The ballet of setting the table and good service is also part of the picture, as are the dining experiences of guests who may be too overwhelmed by the aromas of their food. “Menus-Plaisirs” is also a portrait of the head chef, Michel Troisgrois, and his sons, and the extent to which he is willing to take on and delegate. Interacts with visitors in French and English. He criticizes an employee for improper brain preparation and directs him to recipe books. When in doubt, he says, consult Auguste Escoffier or the Larousse Gastronomique. He gets into an extended back-and-forth with one of his boys about whether something is missing from a plate of kidney, passion fruit and sriracha. Can it be topped with al dente white asparagus?

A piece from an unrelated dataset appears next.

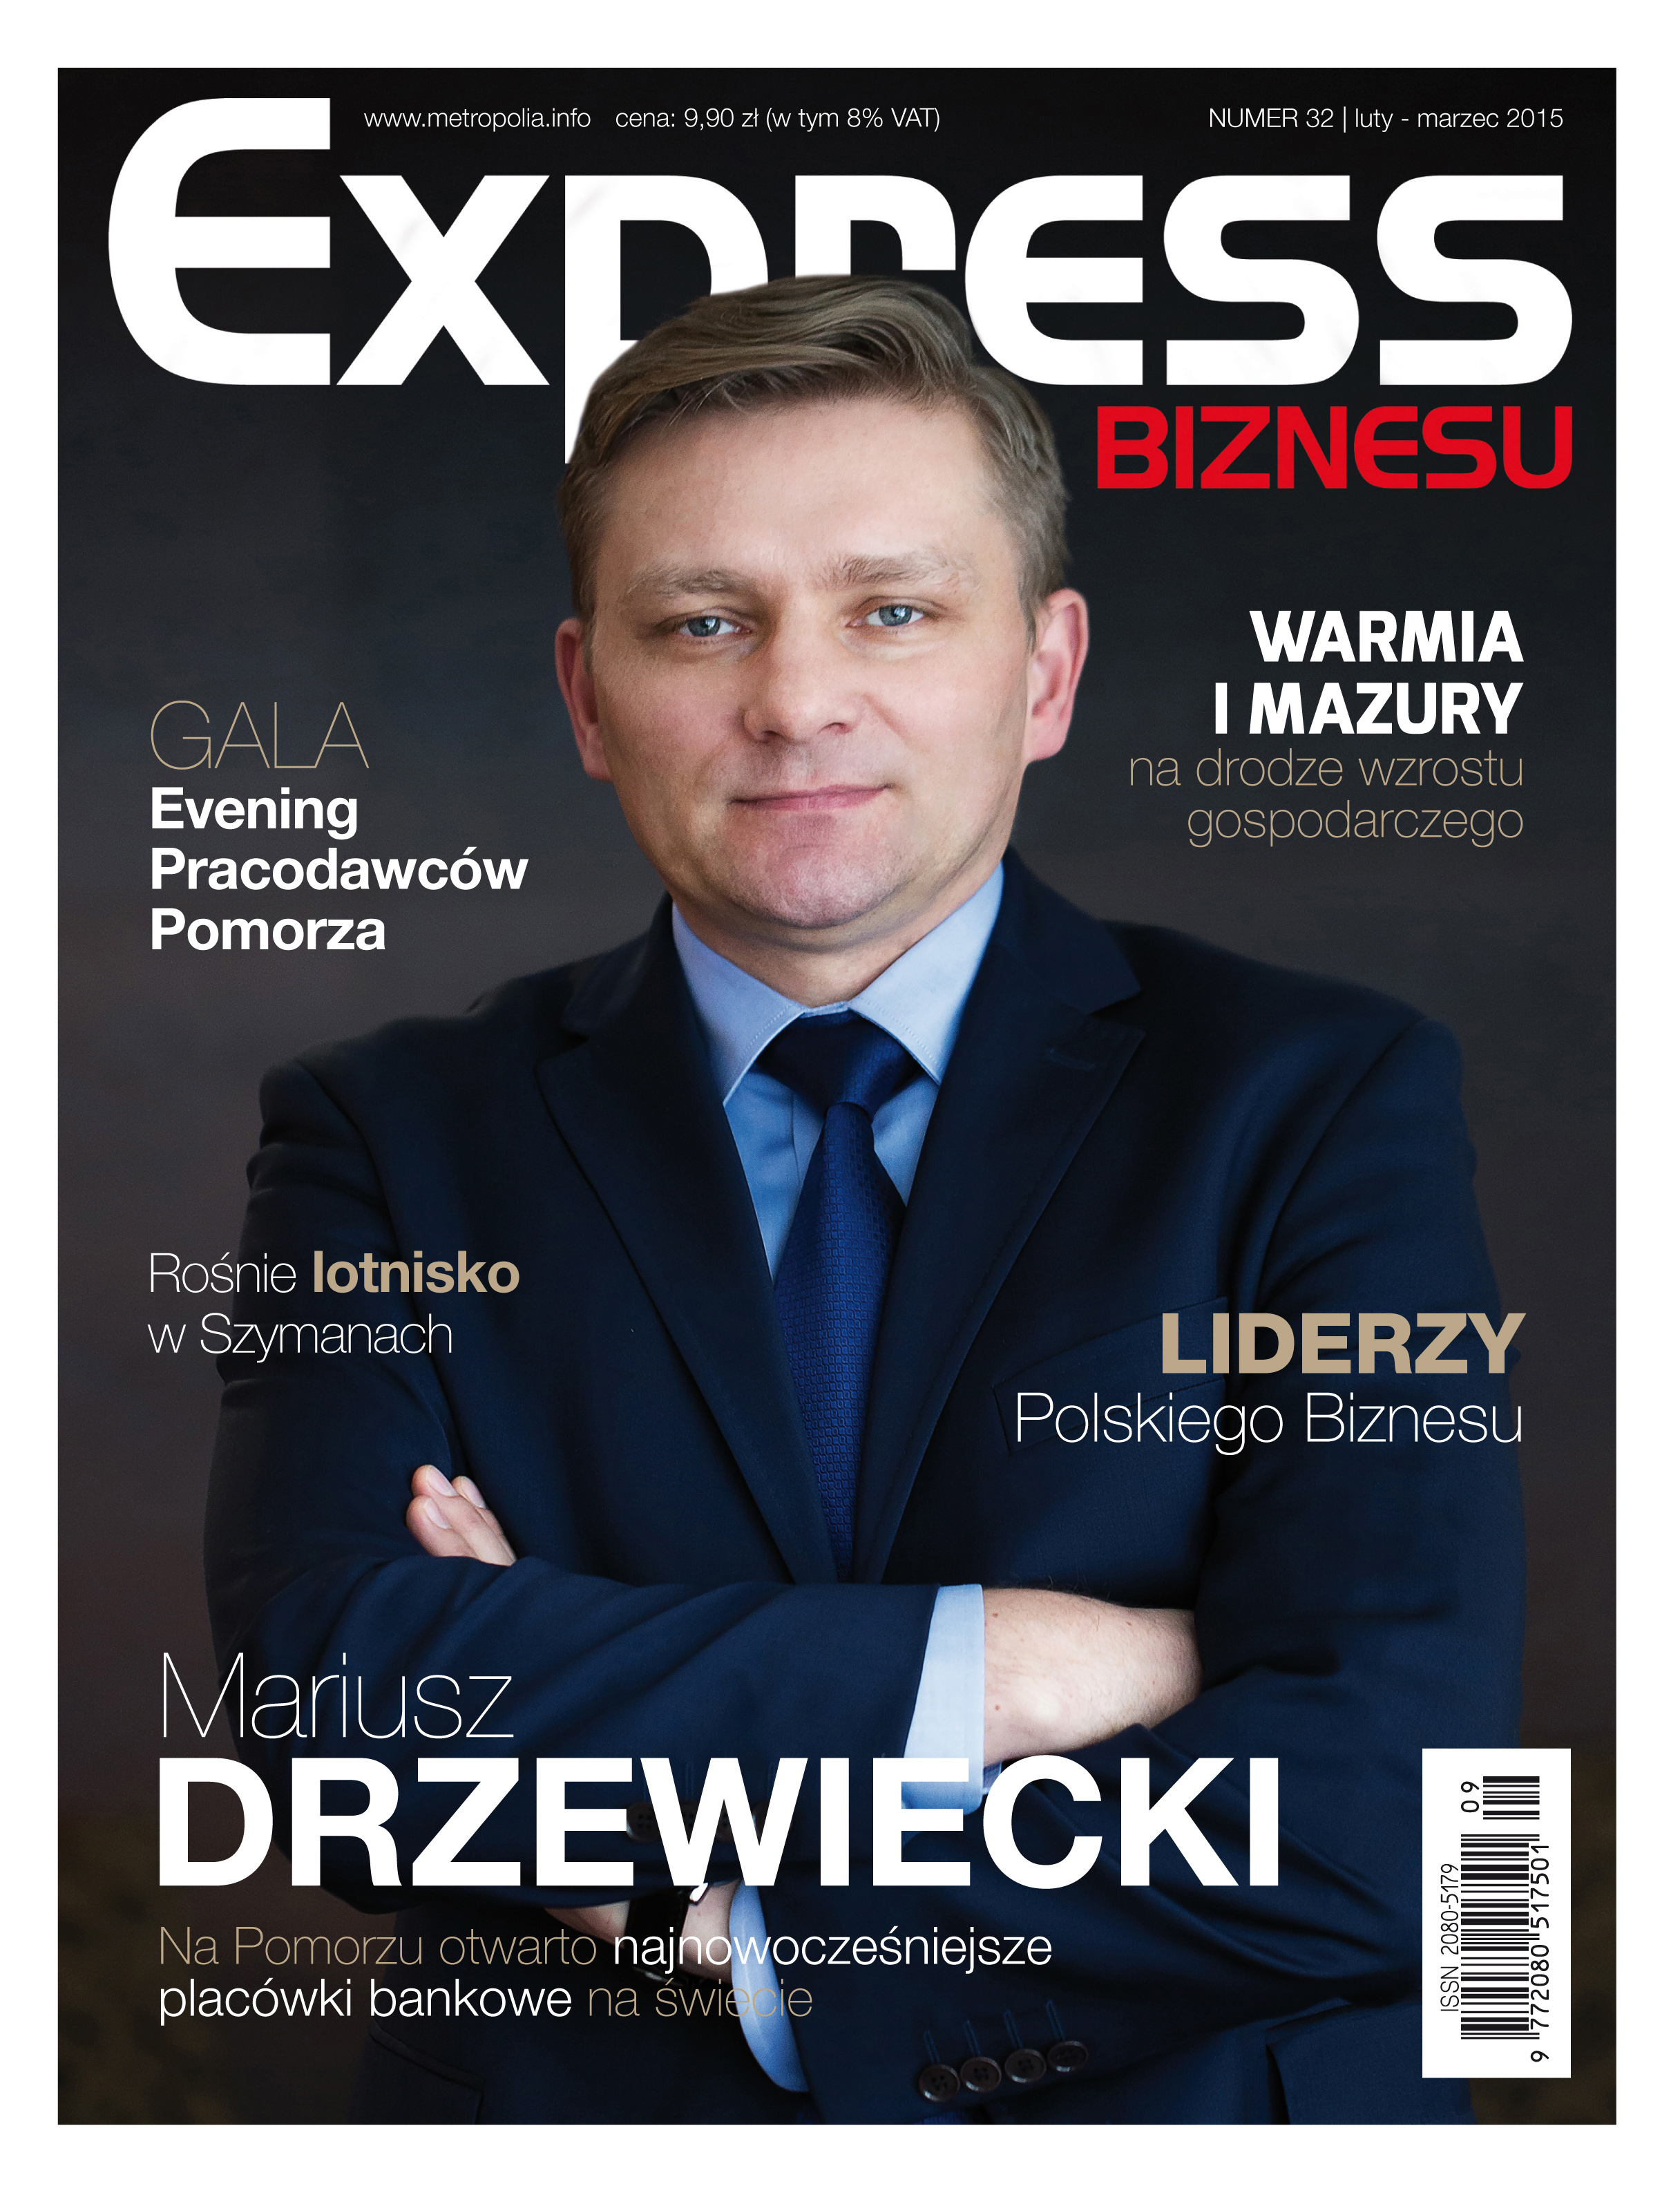 Express Biznesu - nr. 32.pdf
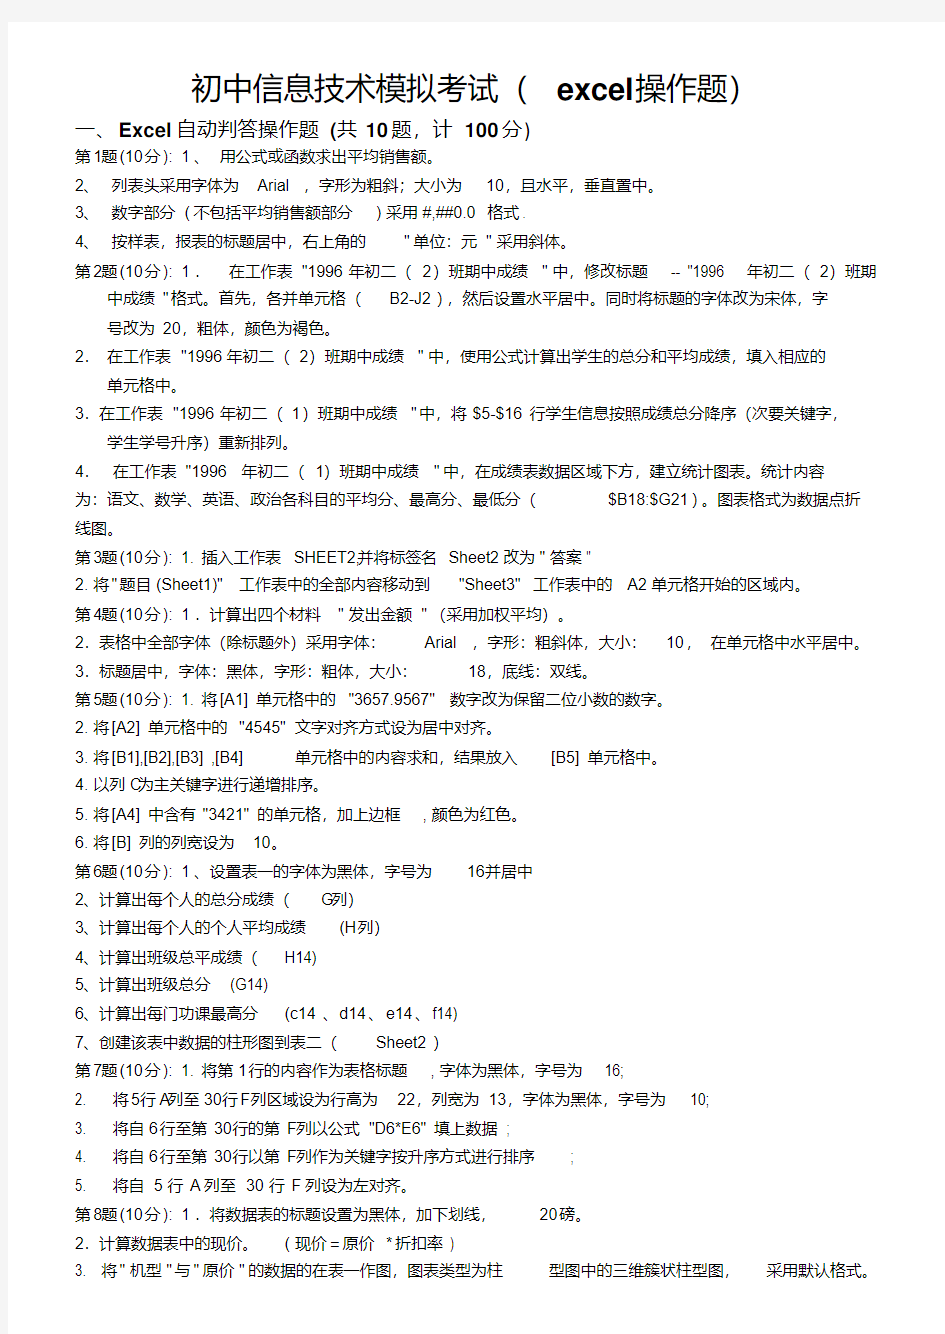 初中信息技术模拟考试(操作题)(1).pdf

Son thinks the asparagus will dilute the flavor too much. And no one, no one seems to love the taste of passion fruit as much as Monsieur Troisgrois.
Wiseman closely guards the distribution of his films. Most can be streamed on Kanopy, which is available through some libraries and academic institutions. But “Menus-Plaisirs” will do stream free on PBS through April 20. It’s Wiseman’s signature pop-up restaurant.